Much like Banter, Citizens of Gramercy is an Australian coffee shop with both food and alcohol, and it’s another place where you can hang out for 30 minutes, talk to someone about his or her career path, then say, “Oh shoot, I have to meet the cable guy,” and leave. Although if you’re enjoying the conversation, there’s no need to rush, and you have food options ranging from avocado toast to a short rib sandwich.

Eastwood is the kind of bar where you can sit and read a book, and that’s exactly the type of spot you should be looking for when it comes to planning this meeting. It’s just one small room on the Lower East Side that doesn’t get too dark or noisy, and in addition to beer and wine, there’s a menu of solid Mediterranean food. So you can have some schnitzel while you go over the professional qualifications of this person who emailed you with a subject line of “Introduction/Coffee.”

If you need to get a casual drink on the Upper West Side, and you don’t want to wind up in the middle of someone else’s beer pong game, try The Owl’s Tail. It’s a very small cocktail bar that feels a little like a living room, and it’s great for when you need to say audible words to a person in your general vicinity.

This is a place where you drink beer - but it’s not the kind of spot where you order a pitcher of something cheap, then see how fast you can finish it. It’s nicer than your average neighborhood bar, with brick walls, potted plants, and goblets designed for the maximum enjoyment of your beverage. Plus, there are always good, somewhat obscure beers on tap, and you can also get a cocktail or a glass of natural wine that isn’t especially expensive.

If you want to feel like an adult person who reads the news and remembers to take a multivitamin every morning, tell this person to meet you at The Elk. This is a coffee shop in the part of the West Village where real estate costs more than most science fiction writers would probably have predicted, and it’s the ideal spot to feel like a professional who regularly takes daytime meetings and always offers invaluable advice.

Earl’s Beer & Cheese feels a little like a dorm room, but not the kind where you go to a party and spill your drink on someone’s duvet. It’s more of a place where you meet up, play Jenga, and talk about your classes. Or, in your case, drink a good beer and discuss why you like your job so much. It’s a little bar on the Upper East Side filled with taxidermy and Christmas lights, and you can have a drink or two here without spending a ridiculous amount of money.

You might know Freehold as that place where you once attended a birthday party at 1am and wound up dancing to Usher near a DJ booth. Or you might know it as your friend’s favorite post-brunch drinking spot. But on weekdays, it’s more of a coffee shop that turns into a low-key bar at night, and it’s one of the best places to have meeting in Williamsburg. It feels like a big, modern hotel lobby, and you can play skee-ball after your meeting as a reward.
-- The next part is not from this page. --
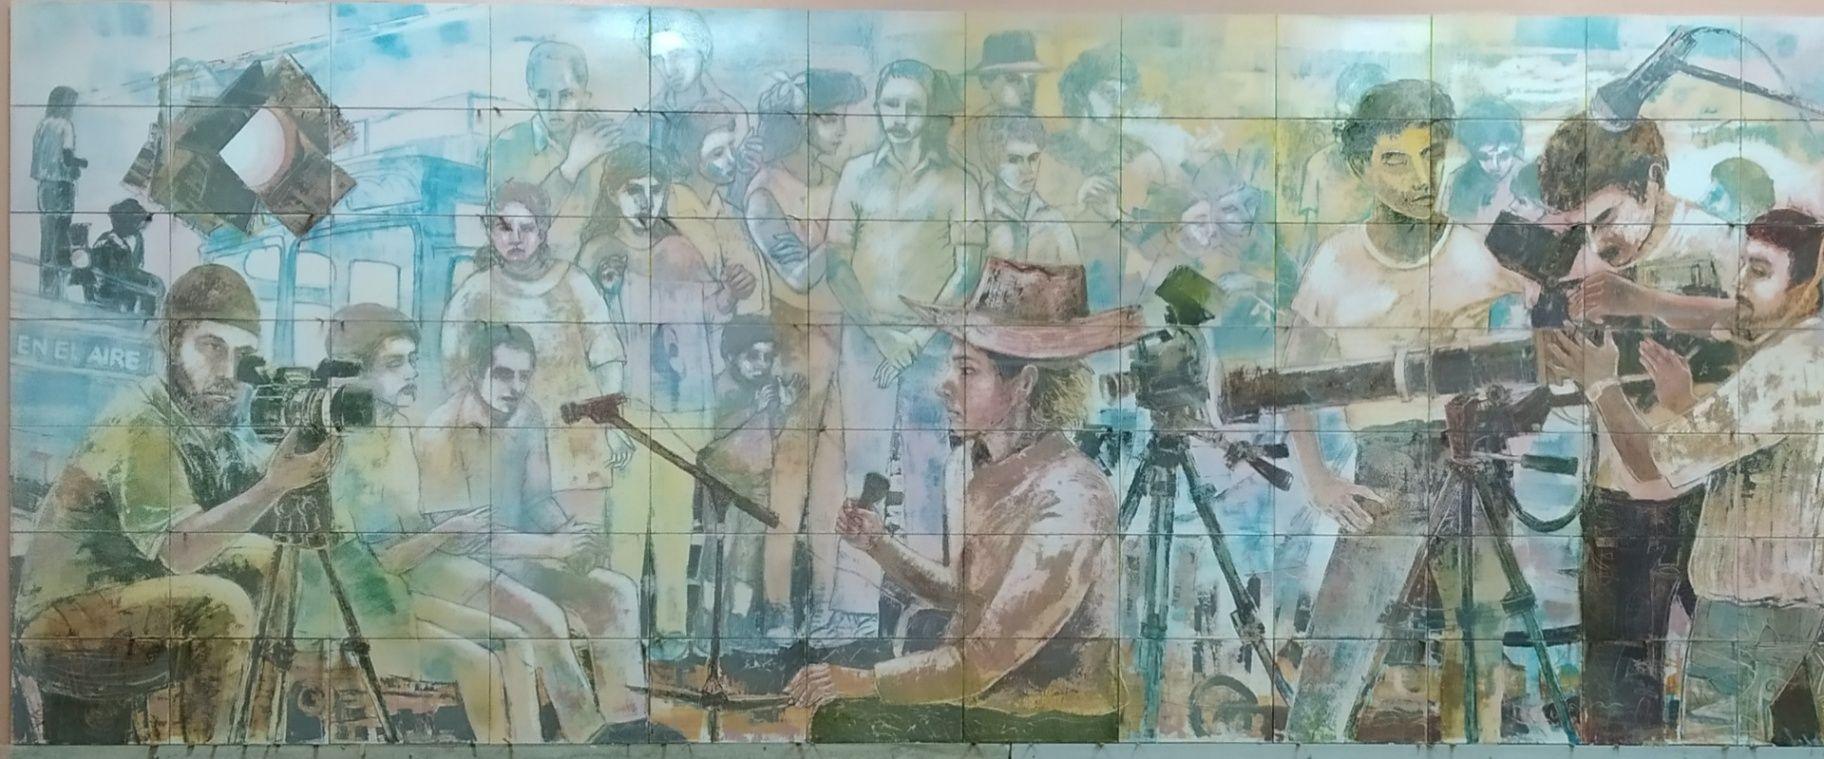 Obra: Mural cerámica Telecentro villa Clara

Milk & Hops looks sort of like a cross between a coffee shop and a really nice bodega. But it’s actually a bar where you can reach into a fridge, pick out a beer you’ve probably never tried before, then sit down and drink that beer while you snack on some cheese. It’s not a very big place, but it works well when you’re in Chelsea and need a spot to listen to someone else say things like, “I really admire what your company is doing,” and, “What’s the name of your HR person?”

Cafe Select is sort of like a keychain bottle opener or the calculator on your phone: easy to forget about, but there when you need it. So the next time you promise to meet up with someone in Soho, keep this French restaurant in mind. It’s open all day, which means it even works for breakfast if you’re extremely important and that’s the only time you can squeeze this meeting in.